If you call g.add_tedge(n[0], 3, 3), no extra capacity will be added (3-3=0).

If you call g.add_tedge(n[0], 1, 3), internally it will store 1-3=-2. This means that the sink edge will have a capacity of 2.

Briefly, changing the capacities of the source or the sink edge is internally equivalent to changing the difference between these capacities, and therefore a single function is provided for both.


By the way, note that PyMaxflow already performs broadcasting over the arguments of the grid_* methods so you do not have to do it. I.e., if you want to set all edges to inf or to 0, you could simply write

    g.add_grid_tedges(left_most, np.inf, 0)
    g.add_grid_tedges(right_most, 0, np.inf)

Read the NumPy documentation about broadcasting for more details.
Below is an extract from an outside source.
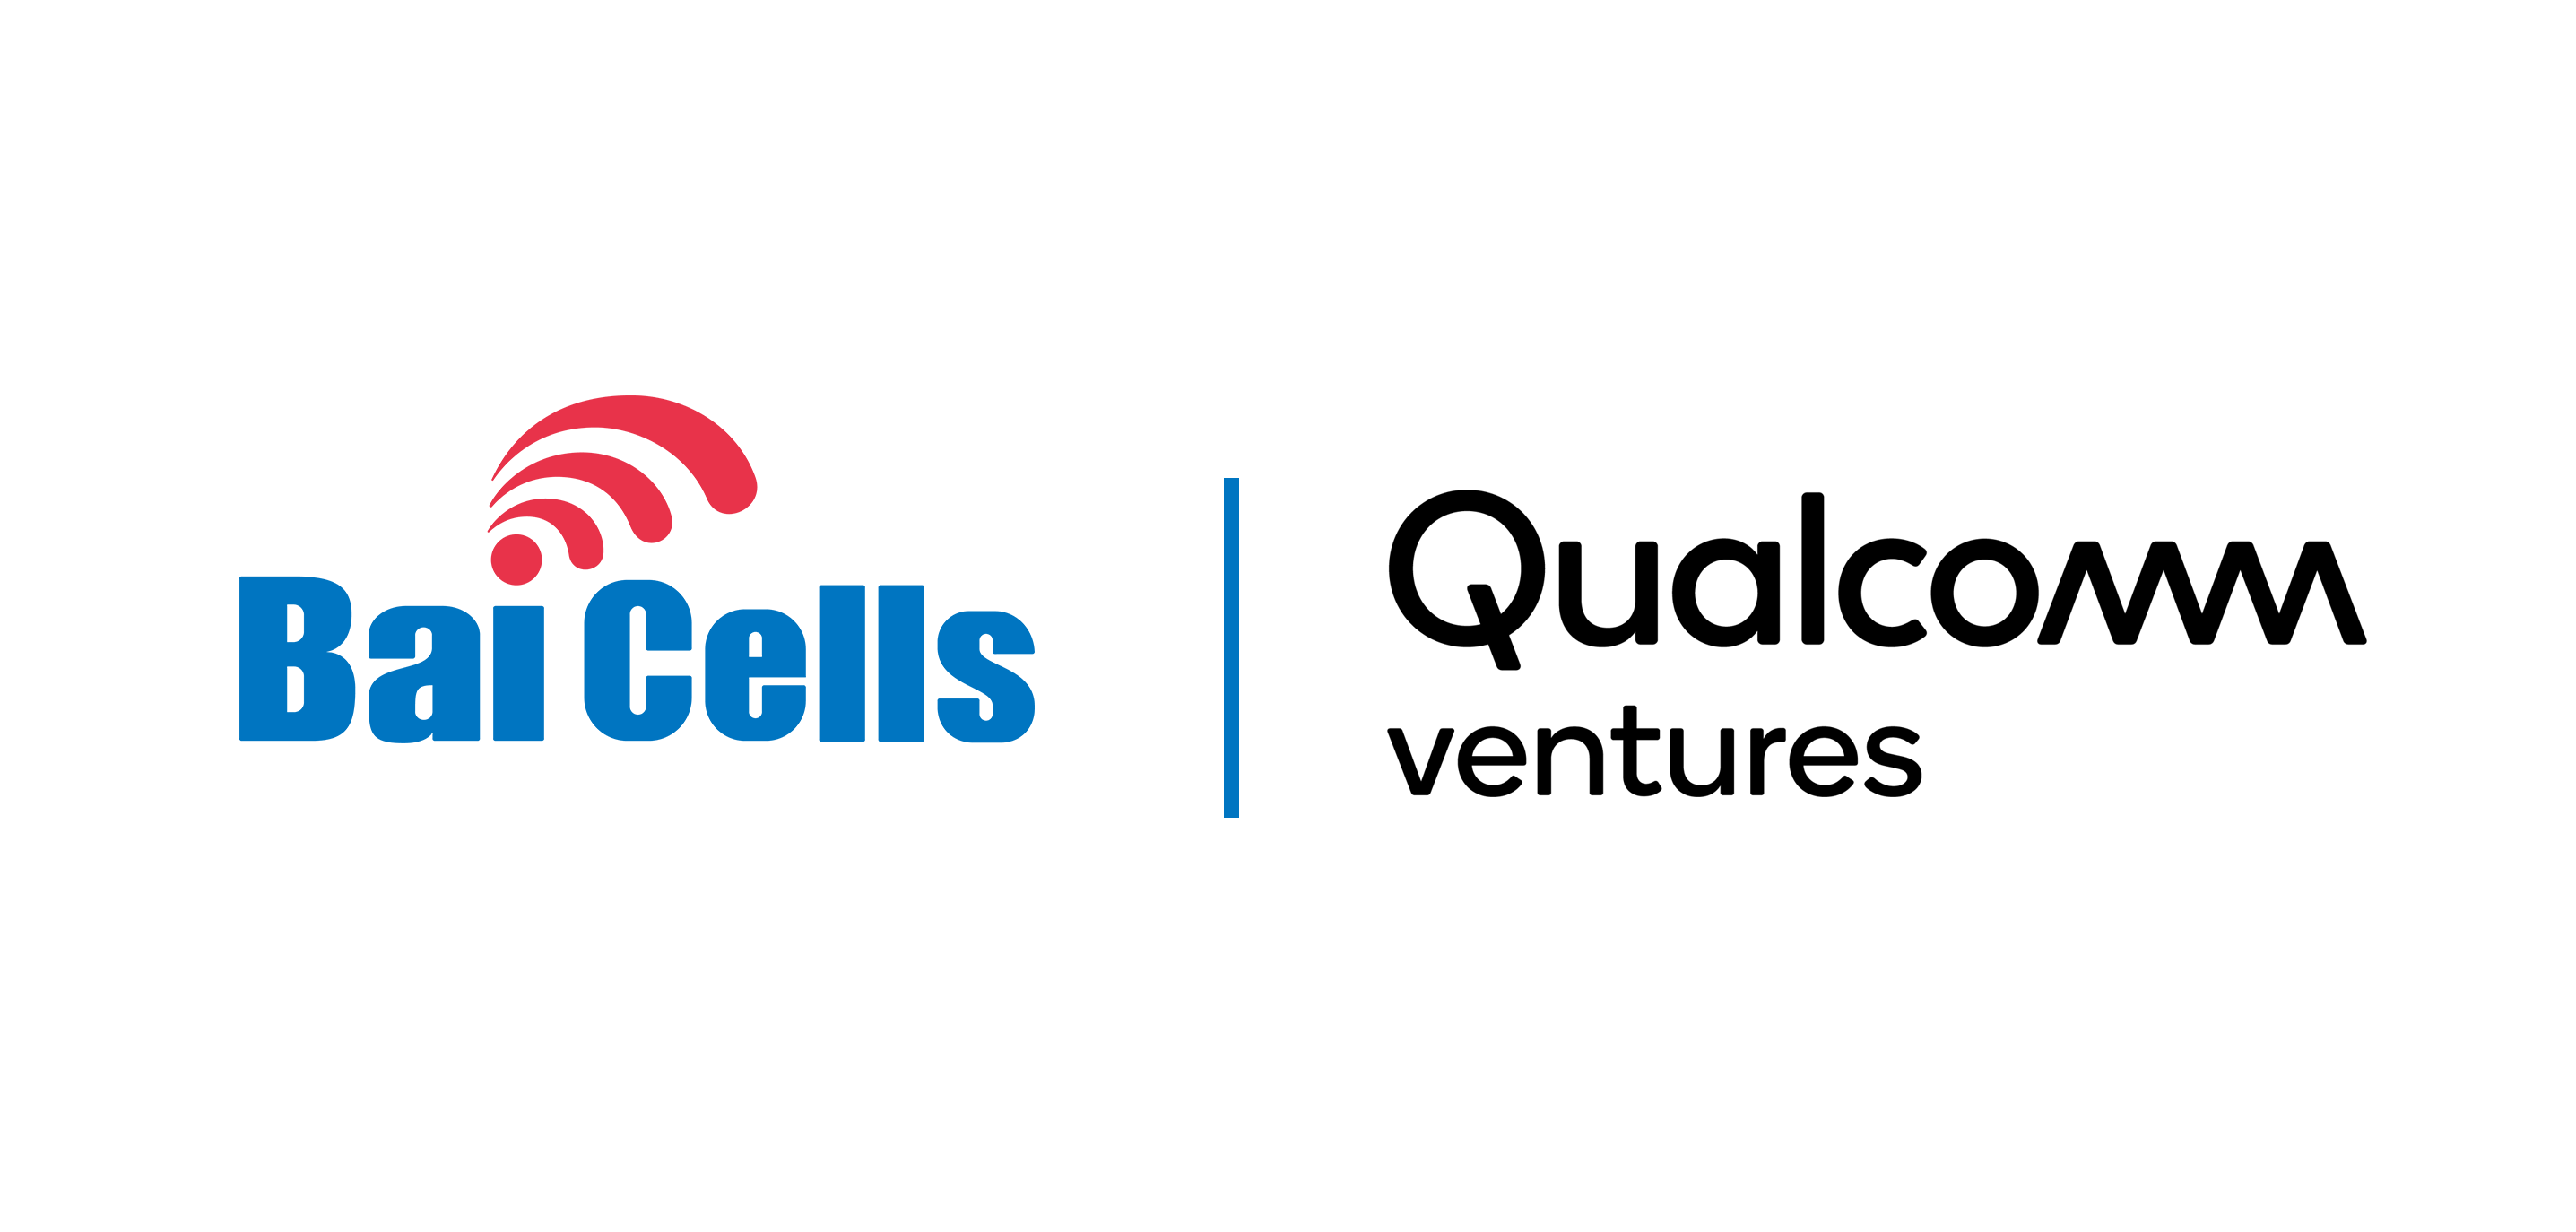 Qualcomm Ventures Logo - Qualcomm Ventures Announces Investment in Baicells for 5G – LTE ...

Regarding your second problem, I have not been able to reproduce it as you describe it. This is the graph I get: figure_2

Probably you are building the graph AFTER calling g.maxflow(). In that case, the weights you are plotting are the residuals capacities after the maximum flow computation. In this process, a virtual flow goes from the source node to the sink node filling the edges, and the residual capacity for an edge is the total capacity minus the amount of flow passing through that edge. When an edge is full (the residual capacity is 0), the weight is 0, and it is not included in the NetworkX graph when calling to get_nx_graph.

If you call g.get_nx_graph before g.maxflow you should get the graph you expect.

Let me know if this solves your problems!

pmneila commented 10 years ago

Just in case you need it, you can find the code to generate the graph here.

ProGM commented 10 years ago

Oh, this is very very useful! Now everything is pretty clear. You're right, the problem was that I was computing the maxflow before generating the nx_graph. I think you should add some of this informations to your documentation. For example a graph generation with differents weigths in every direction (like the one in your last post).

Moreover you should write something not to compute maxflow before generate the nx_graph... without your help I would never figure out such a thing!

Thank you again :)

pmneila commented 10 years ago

Yes, you are right. I'm aware that the documentation is weak and has to be improved and extended. Unfortunately I do not have much time for that now.

As a quick fix, I have included this example in the examples folder and I have improved the documentation for get_nx_graph.

I will write a decent tutorial that explains all these details (and some others) when I have enough time.

In the meantime, of course, you can ask any question you might have.